Today something happened at work, nothing horribly major, but a breach of office etiquette. The behavior was called out, as it should be, and the offending party did as they typically do, became combative and unprofessional, to the point that the other party sunk down to the same level. The real problem came when the party in the wrong accused the other of bullying them. It is insane and pretty much out the Trump family handbook of creating a hostile situation then attempting to turn it around to play the victim. When did adults start thinking it is acceptable to avoid any and all responsibility for their own actions? It’s not ok to talk to people like you have no interest in their side in a professional setting or to raise your voice because you think louder means you are more important.

The person who created the drama is one of those negative people who blames others for everything. She complains to anyone who listen about how this person treated her poorly or that person talked to her in an unprofessional manner or another person isn’t doing their job and its her place to set them straight. It is always something with her and if anyone dare put her in her place, she will be the first to run to her boss, or worse, HR. We are grown ass folks, in a corporate setting, not working part-time at McD’s after school. At what point do people not see its THEM, not the rest of the world how is the issue. Self reflection is a lost art my friends.
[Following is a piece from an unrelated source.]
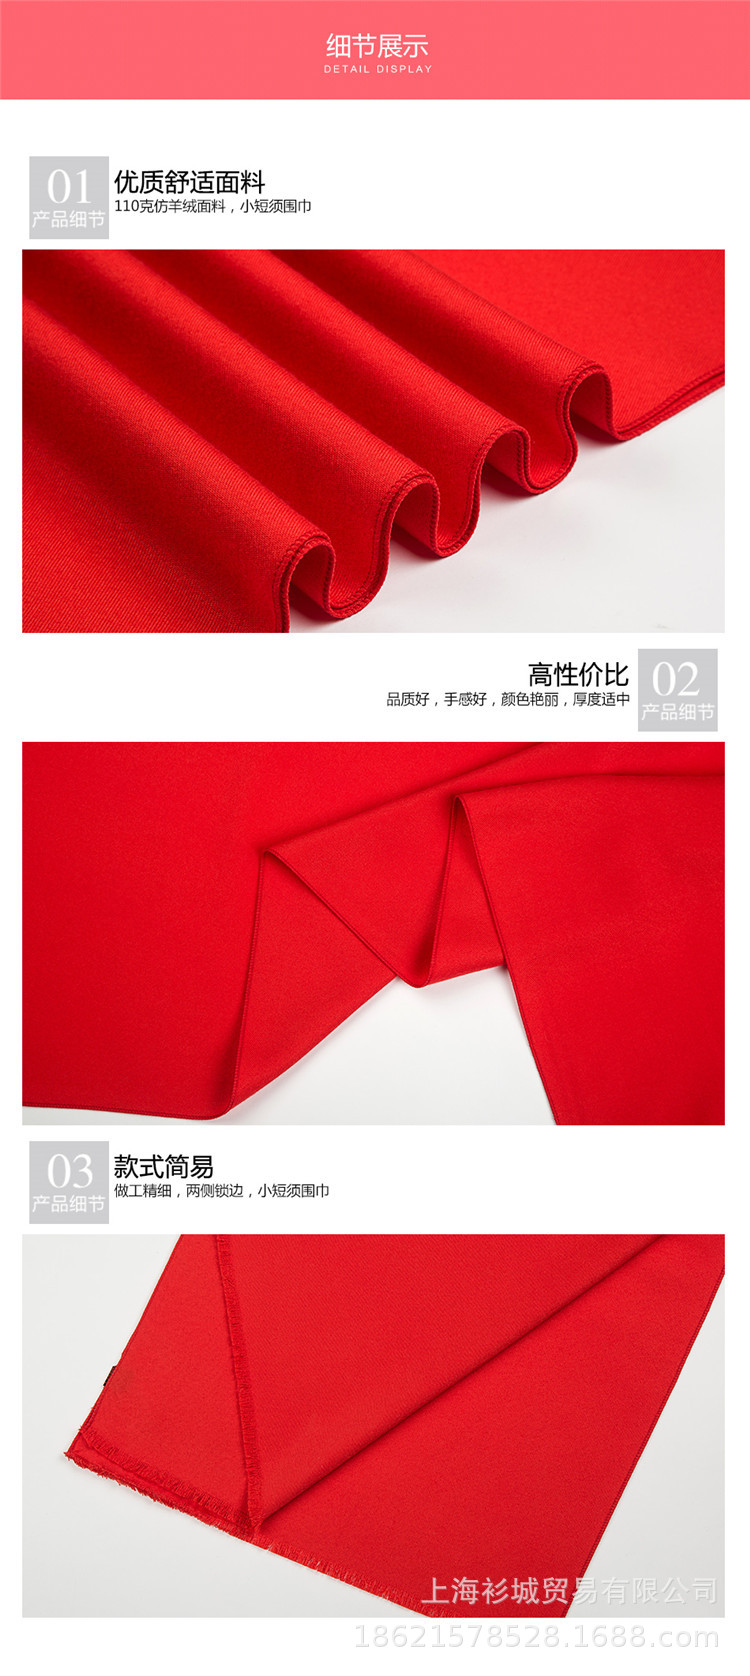 中国大红仿羊绒纯棉围巾定制开业庆典纪念公司年会聚会印字logo图示例图28

I feel like I go through most days working very hard to control my mouth and my facial expressions. At any given time people will do or say things that they should be embarrassed and ashamed of, yet they feel justified and entitled. I am going to need to muster all my strength later this evening while helping a friend who is a wedding planner. The mother the groom is nothing short of crazy. I realize weddings can be stressful, especially for the close family, but that is no reason to make unreasonable demands and not be willing to discuss things like an adult. Also, paying someone for services does NOT give you the right to talk down to them or treat them like they should do anything you demand of them.

The rule of do unto others, treating others the way you would like to be treated, that needs to make a comeback in our society. “Telling it like it is” for the sake of being spiteful or bullying others to get your way needs to stop. Talk to others with respect, have the patience to listen to the other person before you attack or do not look to attack at all. You do get more flies with honey as the Southern saying goes- try it and you just may find it much easier to get your way.